Hey Stackexchange community! I try to get a feeling for updating probability using Bayes' theorem, but I do not really get it. I can find many examples, but I would like to consider the following one.
Imagine we have two teams $T_1$ and $T_2$ and they will play against each other on Friday. These two teams have never played against each other before, so there is no way to know the probability of one team beating the other one. Let $B$ be the event where $T_1$ is beating $T_2,$ with no data available we will assume that the probability of $B$ is $\frac{1}{2}$, that is $P(B)=\frac{1}{2}$.
Let's now assume that $T_1$ is actually beating $T_2$ that Friday. The week after these two teams will play against each other again. Now let $A$ be the event the $T_1$ is again beating $T_2,$ the question is can we use Bayes' theorem to get a estimate of the new probability?
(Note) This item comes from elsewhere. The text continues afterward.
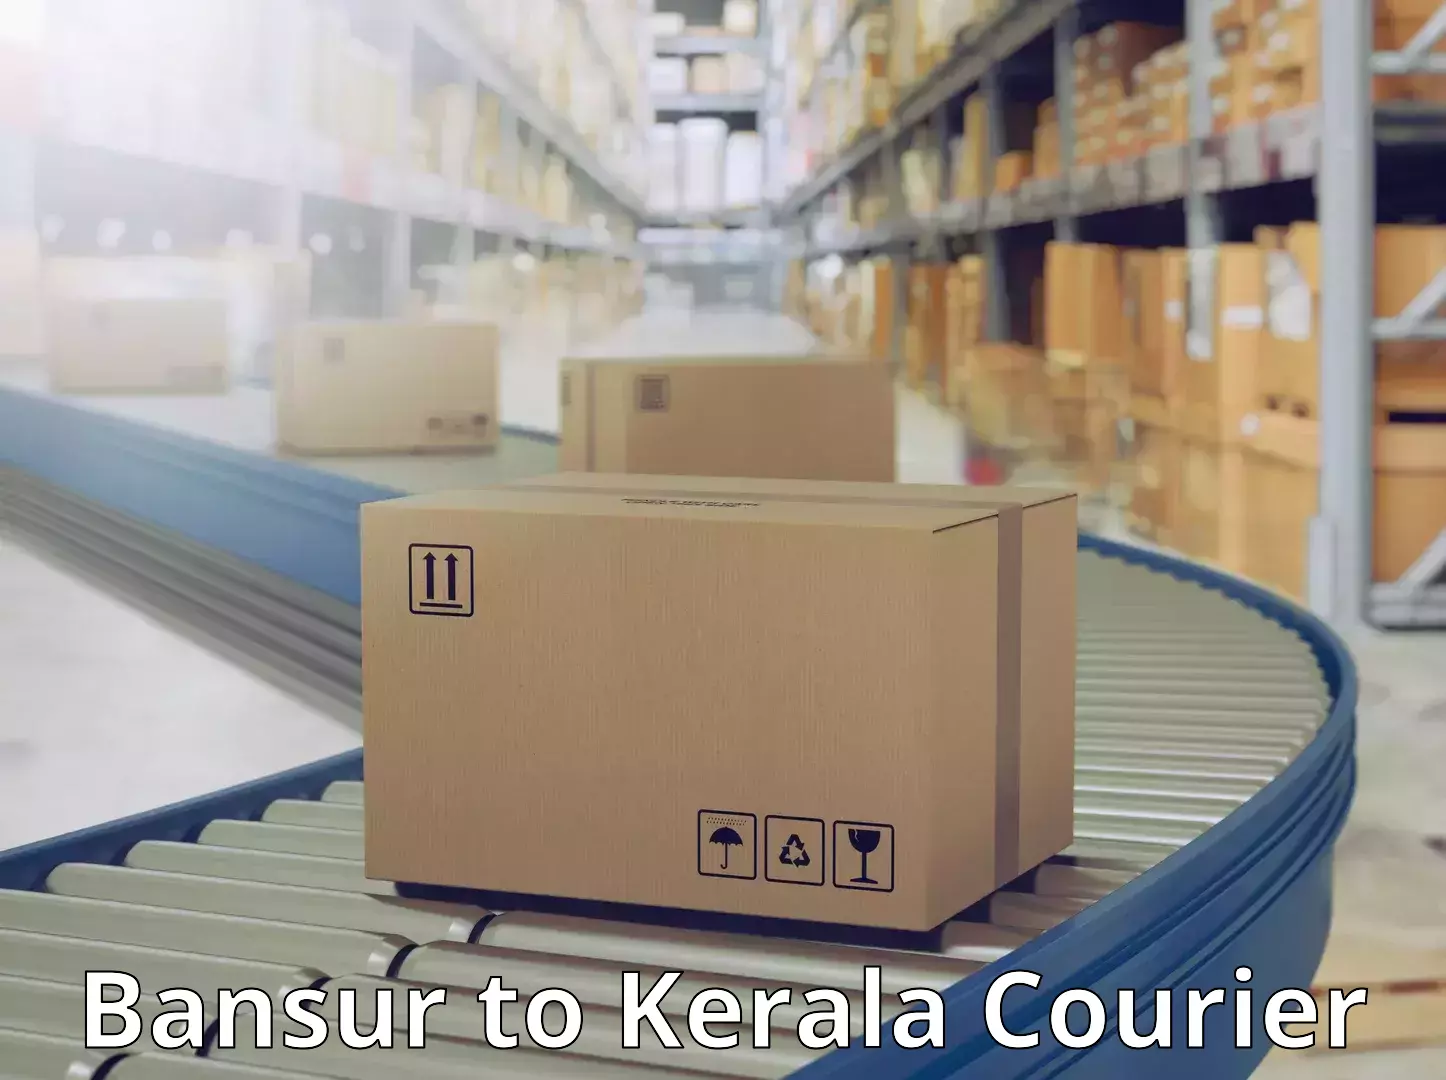 Quality courier services in Bansur to Kerala

Let me clarify where I get stock. From Bayes' theorem we have \begin{equation} P(A \mid B) = \frac{P(B \mid A) P(A)}{P(B)} . \end{equation}
We already know $P(B) = \frac{1}{2}$. I guess the same reasoning as before can be used for estimating $P(A)$, if we have no data available we have $P(A)=\frac{1}{2}$.
So if everything is correct until now the only problem is the expression $P(B \mid A)$, which states:
What is the probability of $T_1$ beating $T_2$ last Friday given $T_1$ beats $T_2$ next week?
First I thought we have to used that these two events are independent so we have $P(B \mid A) = P(B) P(A)$. From this we conclude \begin{equation} P(A \mid B) = \frac{P(B \mid A) P(A)}{P(B)} = \frac{P(B)P(A) P(A)}{P(B)} = (P(A))^2 = \frac{1}{4} \end{equation} I would not bet on this $\dots$